The first windmill   was  invented  in  the  seventh   century   in Afghanistan, where waterpower was lacking.  The rotor turned on a vertical axis, a design that spread throughout much of Asia.  The Muslims never adopted the European windmill, with its  horizontal axis,  although  the Crusaders erected such  windmills  in  their castles.
The  more  powerful  vertical wheels came  in  two  designs: undershot and overshot.  The former is a paddle wheel that  turns under  the impulse of the current.  The overshot  wheel  receives water  from above, often from specially constructed channels;  it thus adds the impetus of gravity to that of the current.

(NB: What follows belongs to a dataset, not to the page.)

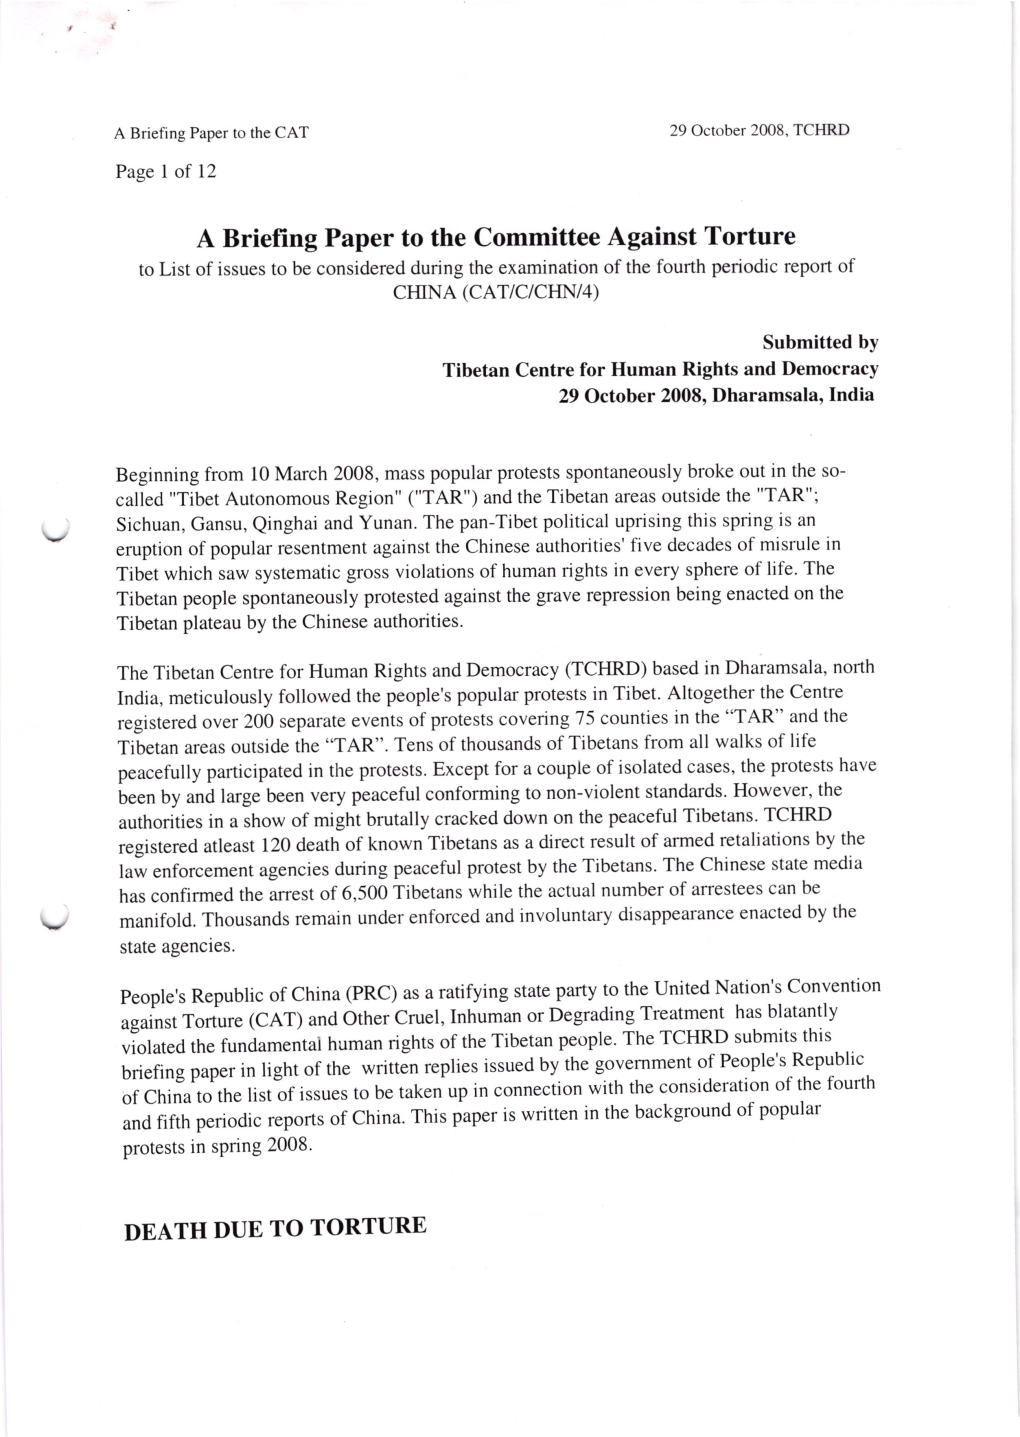 A Briefing Paper to the Committee Against Torture 2008

List of Mechanical Devices of Medieval Islam

1.      Wind-powered fountain

In the 9th century, the Banū Mūsā brothers designed the earliest known wind-powered fountains. Their Book of Ingenious Devices described the construction of several wind-powered fountains, one of which incorporated a worm-and-pinion gear.

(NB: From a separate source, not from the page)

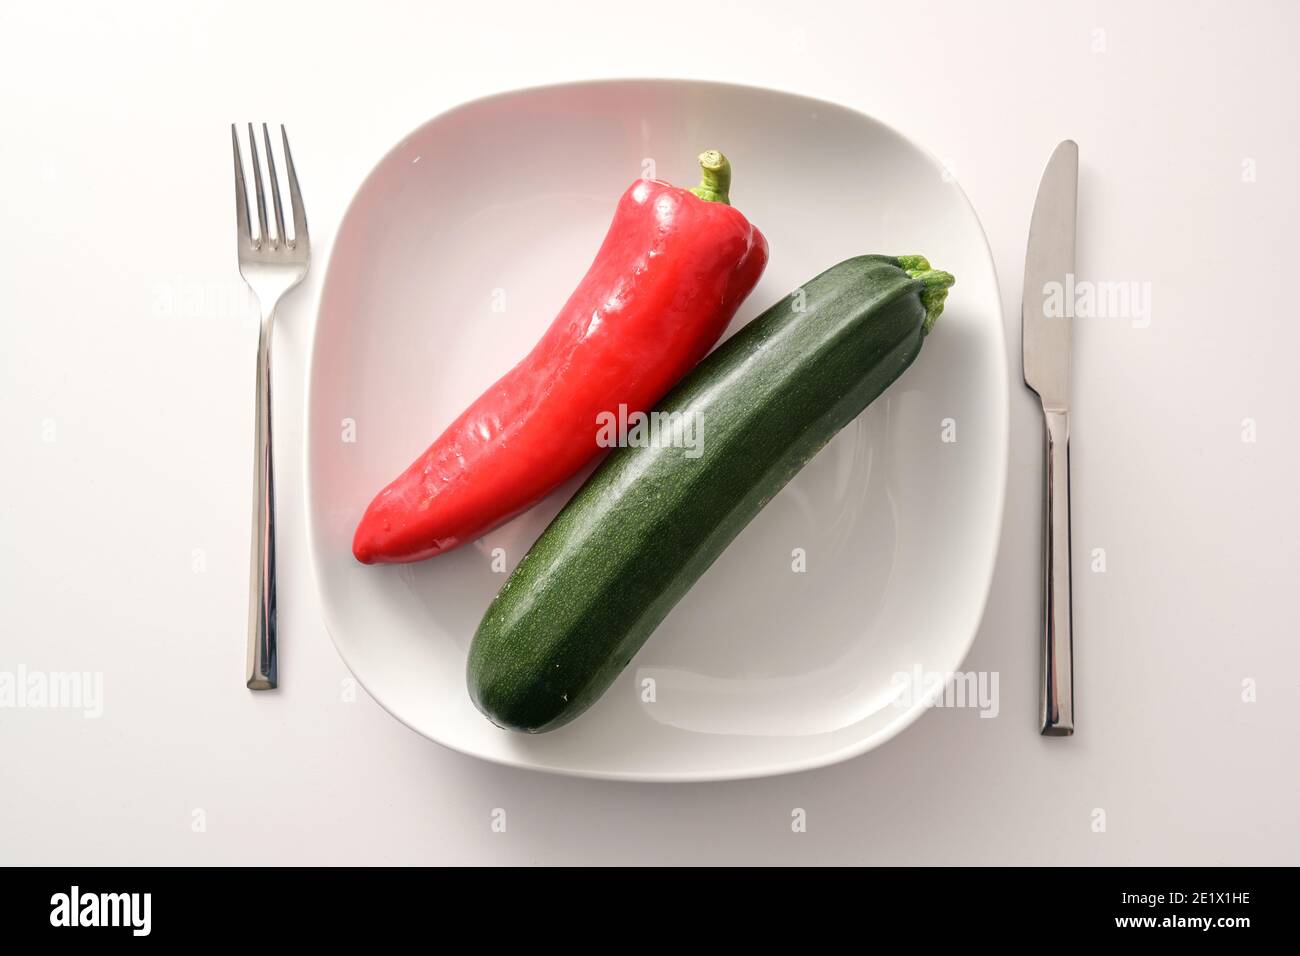 Raw red pointed pepper and zucchini on a white plate and cutlery on a bright background, healthy diet with mediterranean vegetables to lose weight in Stock Photo

2.       Mercury-powered automata

One of the clocks invented by Ibn Khalaf al-Muradi in 11th-century Spain incporated a "complicated and ingenious system which, at the top of each hour, puts into motion a series of mechanical automata, including mechanical snakes, women and men which function through a system based on water, mercury and pulleys.”

3.    Programmable humanoid robot band

Al-Jazari (1136–1206) created the first recorded designs of a programmable humanoid robot in 1206, as opposed to the non-programmable automata in ancient times. Al-Jazari's robot was originally a boat with four automatic musicians that floated on a lake to entertain guests at royal drinking parties.

4.    Peacock fountain with automated humanoid servants


Al-Jazari's "peacock fountain" was a sophisticated hand washing device featuring humanoid automata as servants which offer soap and towels.











5.    Bayonet fitting

Al-Jazari's candle clock in 1206 employed, for the first time, a bayonet fitting, a fastener mechanism still used in modern times.

6.    Boiler with tap
The Banu Musa brothers' Book of Ingenious Devices describes a boiler with a tap to access hot water. The water is heated through cold water being poured into a pipe which leads to a tank at the bottom of the boiler, where the water is heated with fire. A person can then access hot water from the boiler through a tap.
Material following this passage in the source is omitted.